= William Leeves =

Poet and composer (1748–1828)

William Leeves (1748–1828) was a poet, composer, and clergyman. He wrote the tune for the Scots ballad 'Auld Robin Gray'.

The son of Henry Leeves, esq. of Kensington, he was born on 11 June 1748. He entered the First Regiment of Foot-Guards as ensign on 20 June 1769, and was promoted lieutenant on 23 Feb. 1772. In 1779 he decided to take holy orders, and was appointed to the living of Wrington in Somerset, the birthplace of John Locke and the abode of Hannah More, at whose house he was a frequent and welcome visitor. Leeves continued rector of Wrington until his death there on 28 May 1828. A portrait of him in his lieutenant's uniform was painted in 1773, and this was engraved for Mrs. Moon's Memoir. He married on 4 May 1786, Anne, youngest daughter of Samuel Wathen, M.D. She was possessed of great musical talent, and was a skilful performer on the violin. Their eldest son, William Henry, had a splendid bass voice. Another son, Henry Daniel, was in holy orders, and was chiefly instrumental in the erection of the English church at Athens. George was in the navy, on retiring from which he settled in America. Marianne married the Rev. Robinson Elsdale, son of Robinson Elsdale the autobiographer.

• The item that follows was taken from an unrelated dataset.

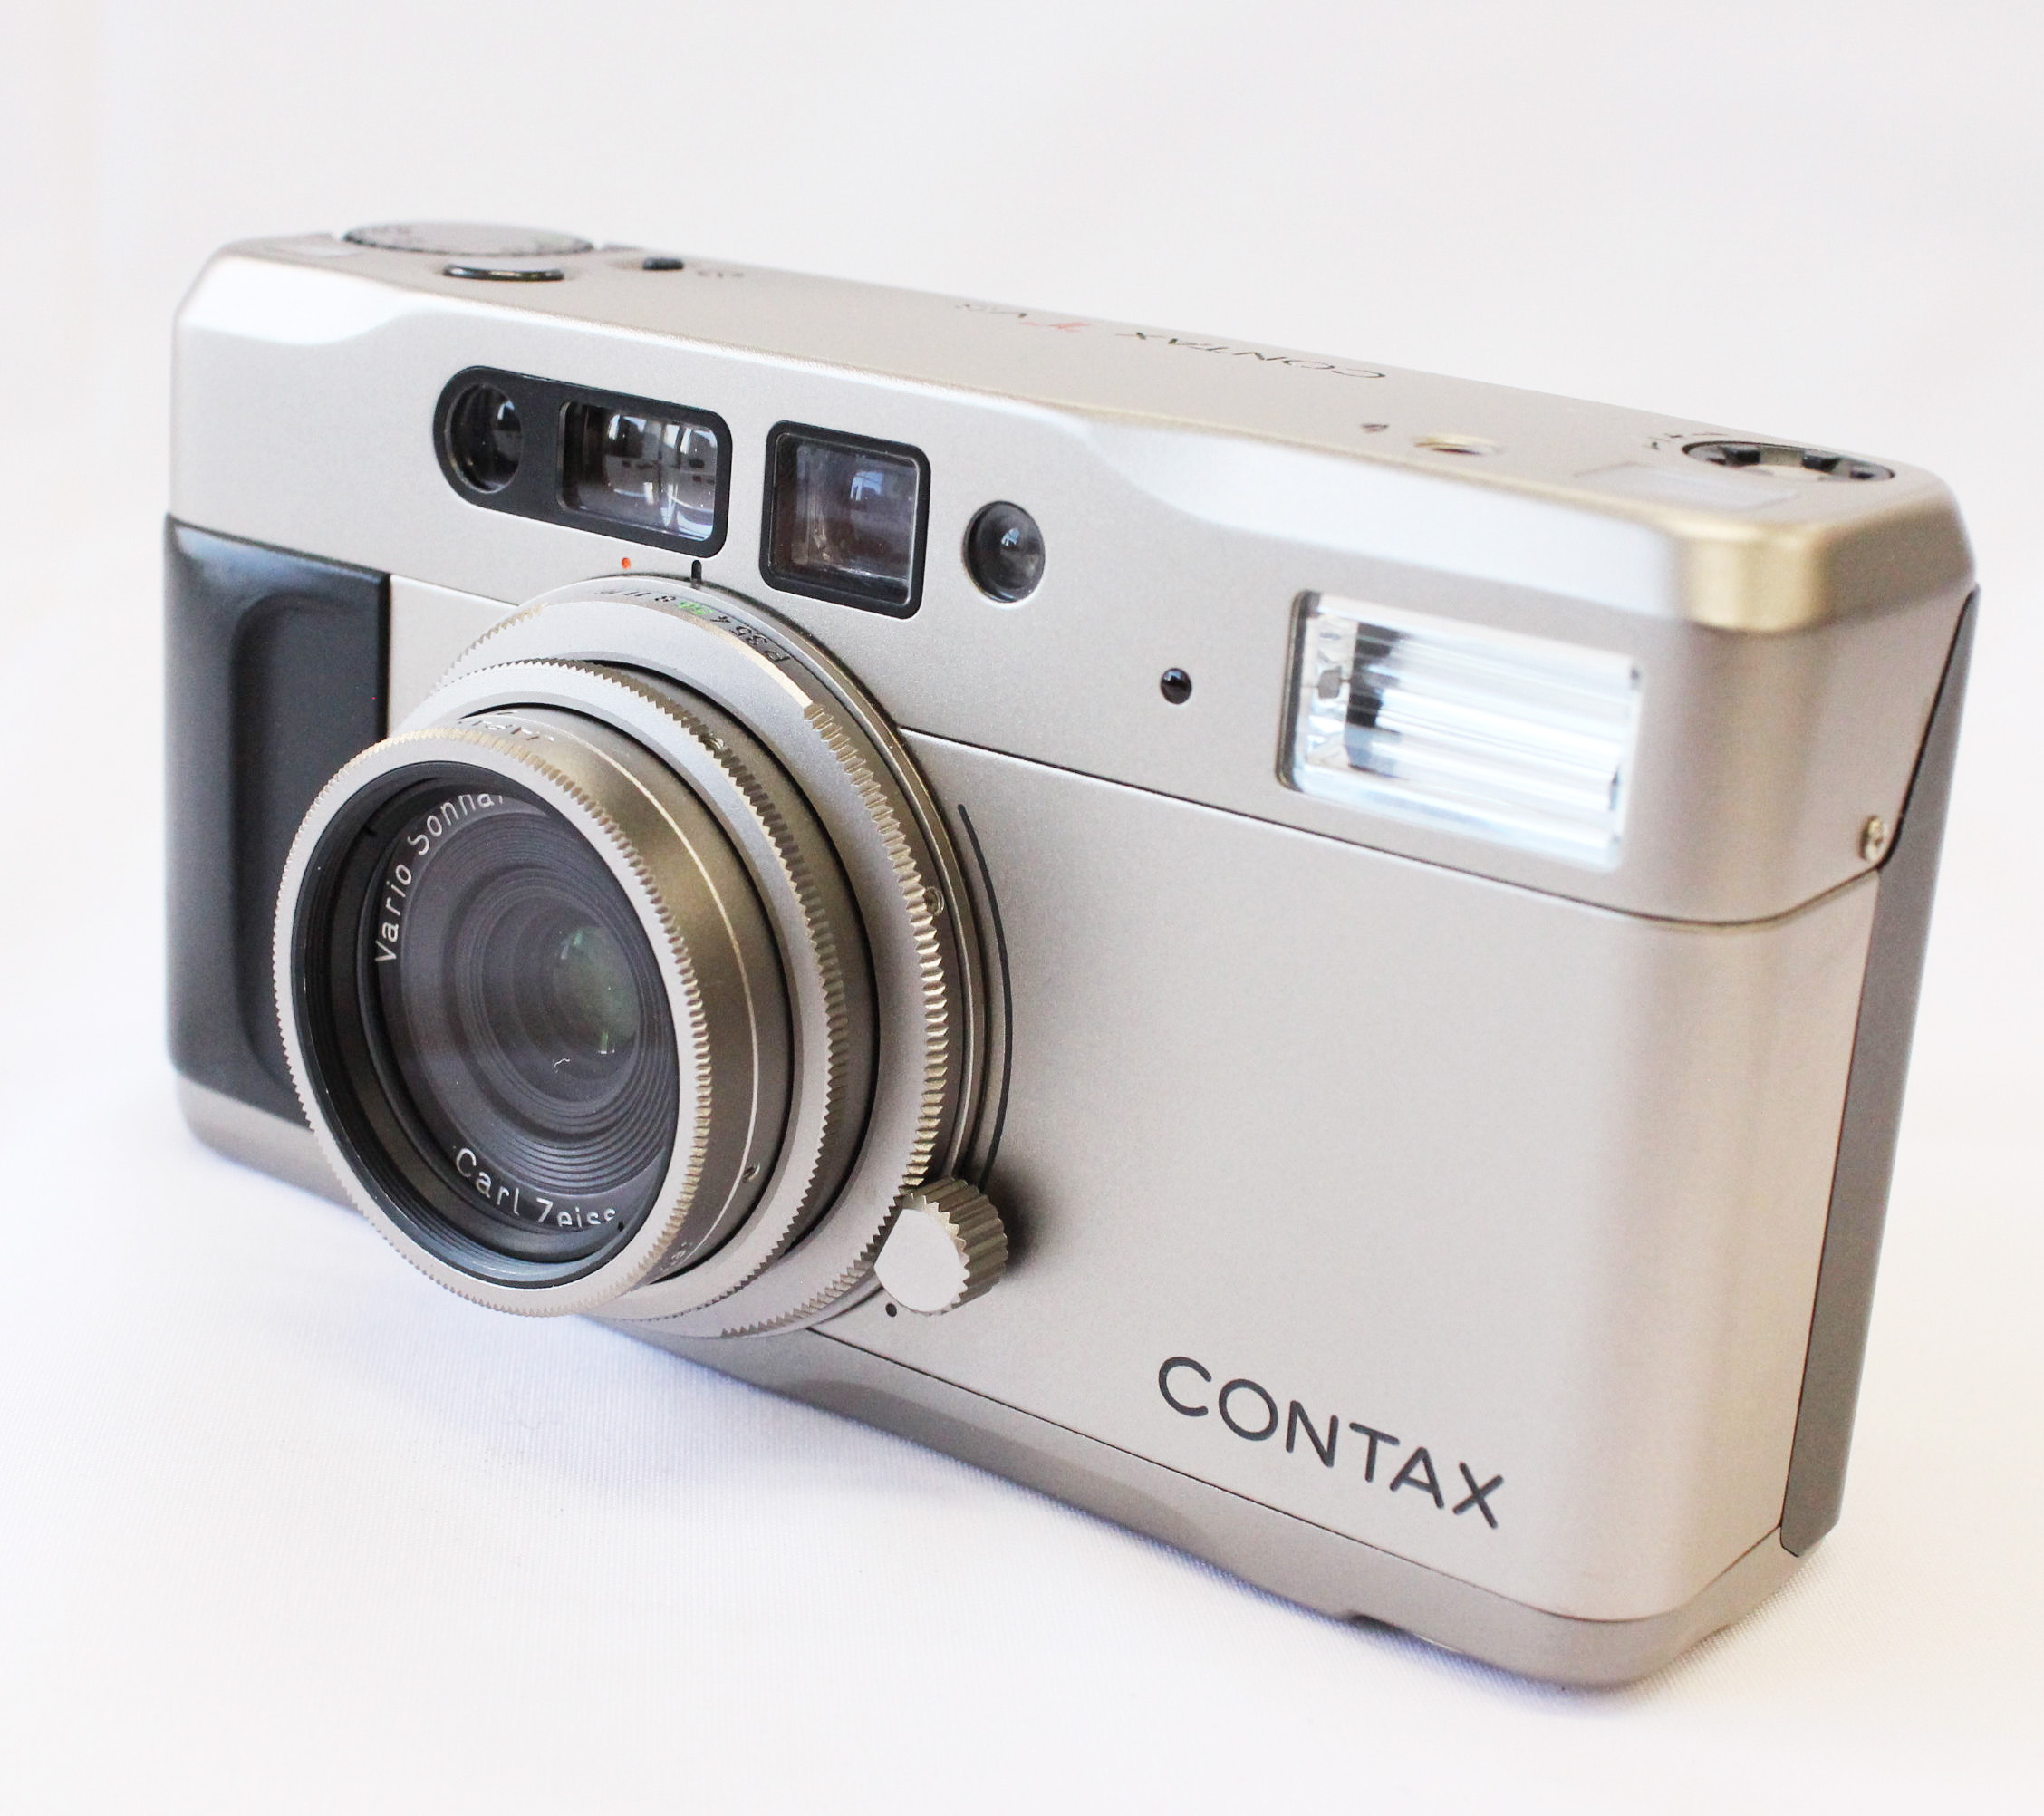  Contax TVS 35mm Point & Shoot Film Camera w/ Data Back from Japan Photo 1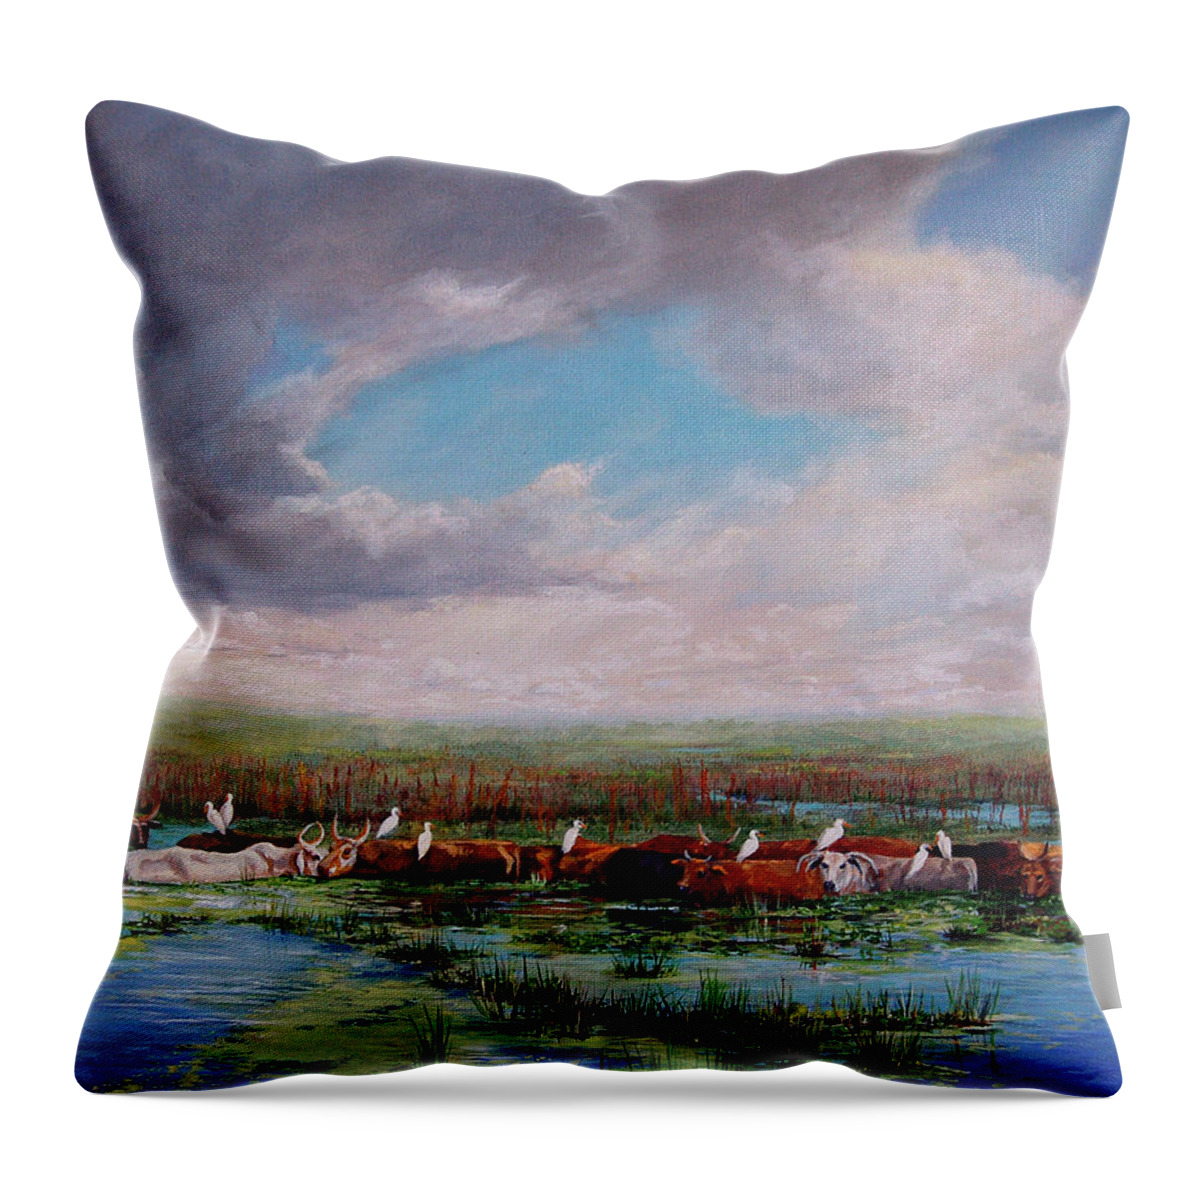 Landscape Throw Pillow featuring the painting St. John's Cows I by AnnaJo Vahle

Leeves was a good musician and a competent performer on the violoncello. In 1772 he wrote the music to the song 'Auld Robin Gray' by Lady Anne Barnard. The autograph is in the British Museum (Addit. MS. 29387). Lady Anne had originally written her words to a Scottish melody previously known as 'The Bridegroom greets' but Leeves's music at once superseded the old tune. According to Oliphant, in his edition of 'Auld Robin Gray.' published in 1843, Leeves brought out about 1790, in conjunction with Henry Harington of Bath and Mr Broderip of Wells, a volume of glees. In 1812 he published 'Six Sacred Airs, intended as a Domestic Sunday Evening Recreation, accompanied by a Pianoforte or Harpsichord, two of them by a Violoncello Obligato or Violin.' In the dedication to his friend, Thomas Hammersley, Leeves first publicly acknowledged the composition of 'Auld Robin Gray.' owing, it was said, to the delight with which he had recently heard the air sung by Miss Stephens, afterwards Countess of Essex. Besides musical compositions he was author of a considerable number of short occasional poems, some of which were published.